As a child, I had medium length natural hair that could pack a bun and the puff from that bun was so full like stacks of cotton wool. My auntie had difficulty holding my hair when weaving because it was a bit silky and will always slip from her hand. She would leave me to my mum to plait my hair whose grip was unimaginably painful so I cut my hair because of the pain. Growing my hair since that time has been a lot of money, time and energy especially since I started applying creme at age eight. At some point my hair will see the light and I will know there is hope only for it to die again. University came and hair extensions seemed to be a way out but, what was the real me without the extensions and all? Apart from character, attitude that makes up one’s beauty my hair contributes to my outward appearance. Thus the inner desire for great hair stirred up in me. This desire consumed me when I met a secondary school friend in my second year at school. Aretha was on transfer from Caleb and we were happy to meet again. She had black-brown hair judging from the time I saw her I hair was shoulder length back then but now, it was way past her waist( I will call that butt length) and still growing. She will taunt me on a regular, “why can’t you be like me and border less with all these weaves, at least once in a while” and I will eye her hair with envy. I pray for long hair and all my friend can do is pack a boring bun (very annoying). There is so much fun things to do with a hair of almost thirty inches. I started searching so I went on YouTube with a different intent and was amazed what I saw black ladies with natural hair, so long. I watched and on mindless of my data connection. I began to analyse the downfall of my hair and came to conclusion that the genesis of MY HAIR was creme. I say my hair because it did not thrive well with relaxer but works well for my dear friend I spoke of earlier. Over the years my hair became scanty and lifeless. I had cooked my scalp enough with chemicals so I needed change. There was enough proof a lot of damage had been done beyond what I could see so I took the bold step and cut down the weed from my head to grow fresh healthy hair. They enemy that obstructed healthy growth of my hair was RELAXER.

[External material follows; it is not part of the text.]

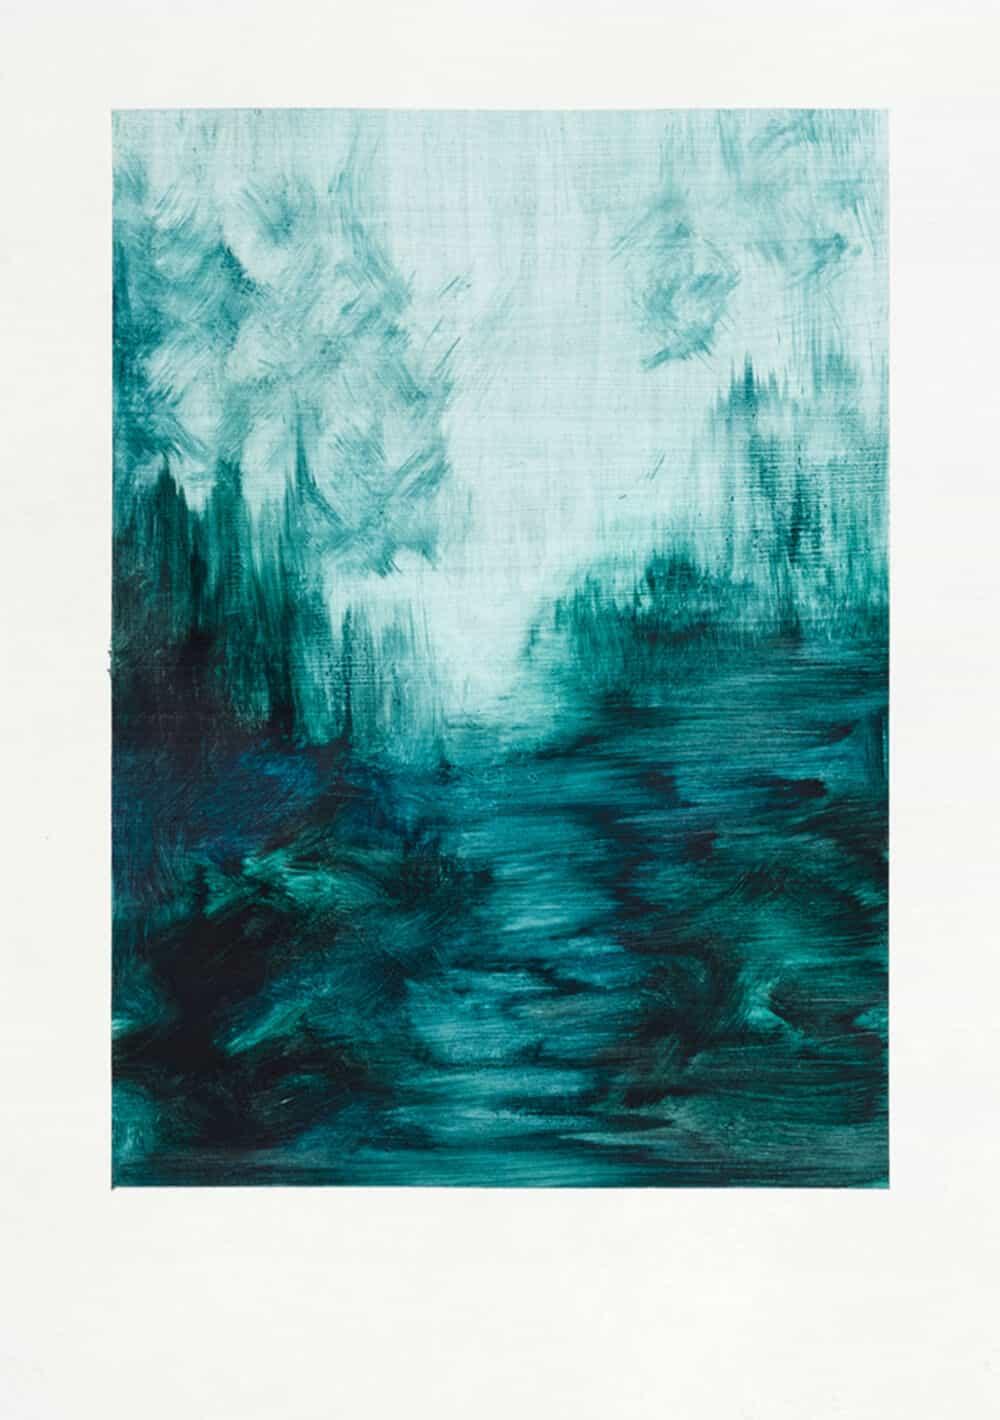 ZARAH CASSIM. Way. Oil on paper. 250 x 205mm. Framed
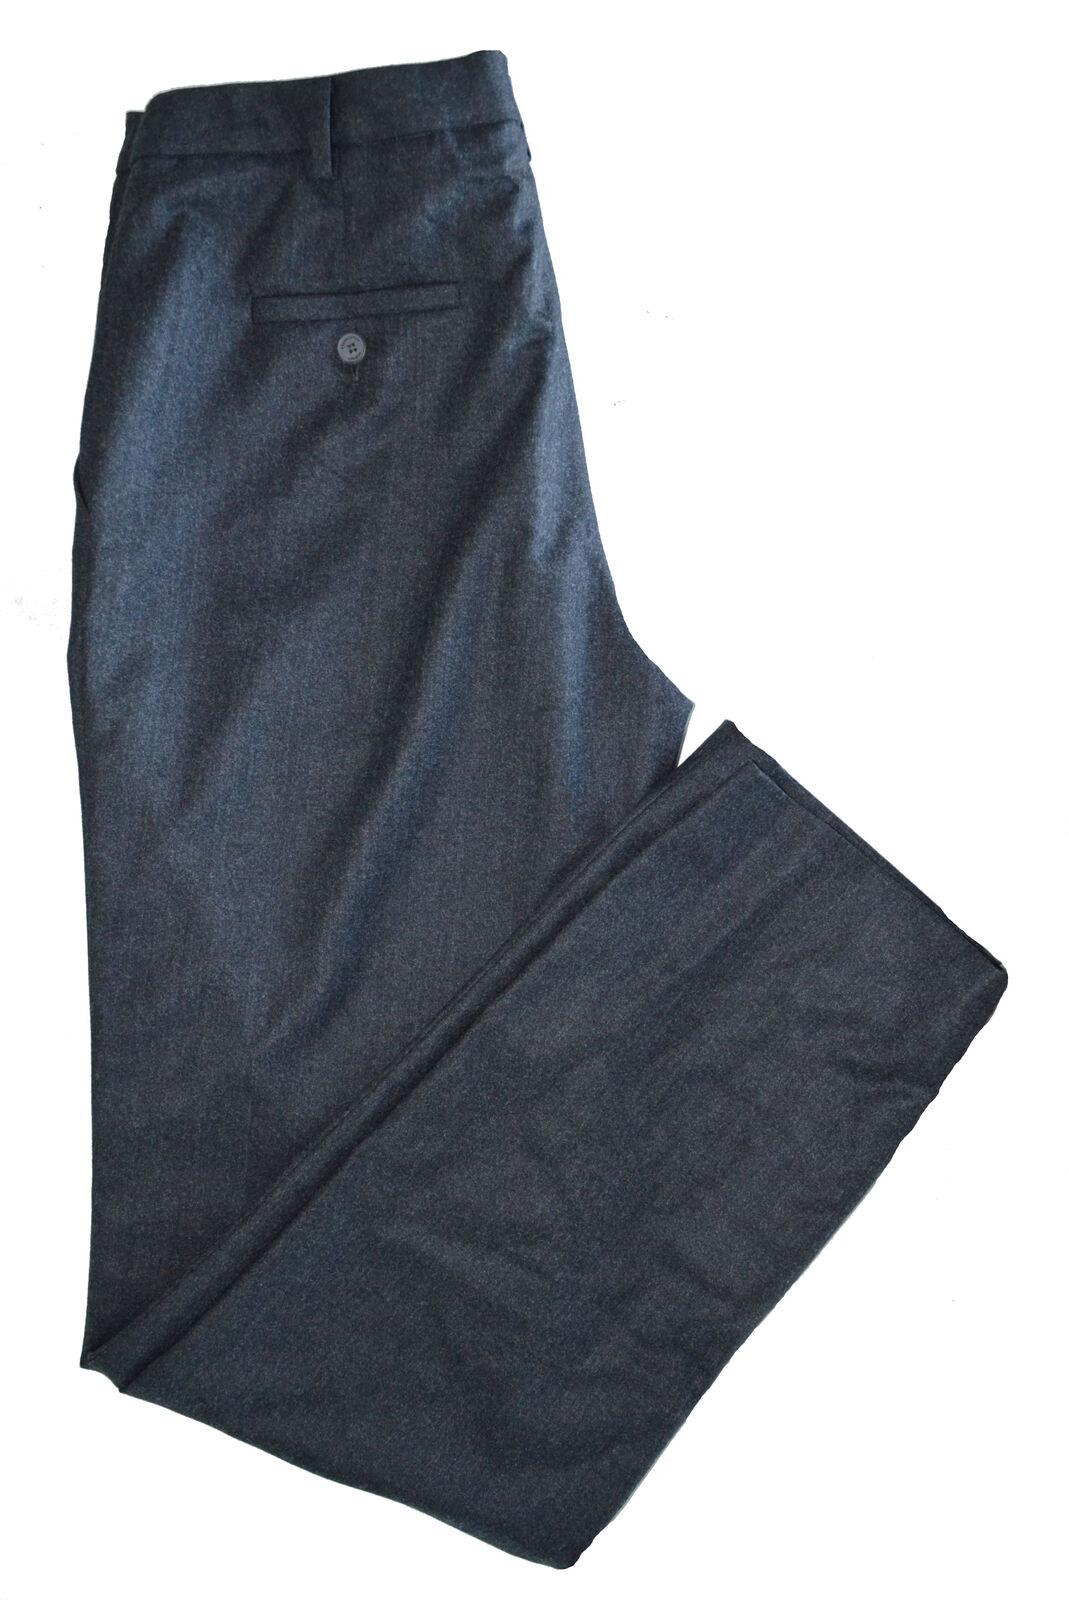 Pantalone women Aquascutum grey Pants Woman Grey Sunton Trousers

Finally, I have embraced the natural curls mama gave me and I am still knowing my hair, the do’s and don’ts. I am African and my hair(and skin) is what tells that. Do not get me wrong, I ain’t being discriminate about textures but we need to know that the things we think favour us most are our greatest enemy. In the long or short run, creme damages the hair resulting to multi-problems of which baldness is a part of it. My hair journey has made me learn a lot too of which are good diet and patience. Some people may spend a lot on products to grow their hair yet no results. The truth is what you put into your body is as important as what you use on your hair. I do not mean use cheap products. You may use cheap products but ensure they are good to avoid hair damage. Eat healthily and drink lots of water (which is very important to transport nutrients to your scalp). Exercise patience because it takes a some good time to grow natural hair but not for every one. It can take few persons a year or two. So my dear ladies know what is best for your hair and apply it.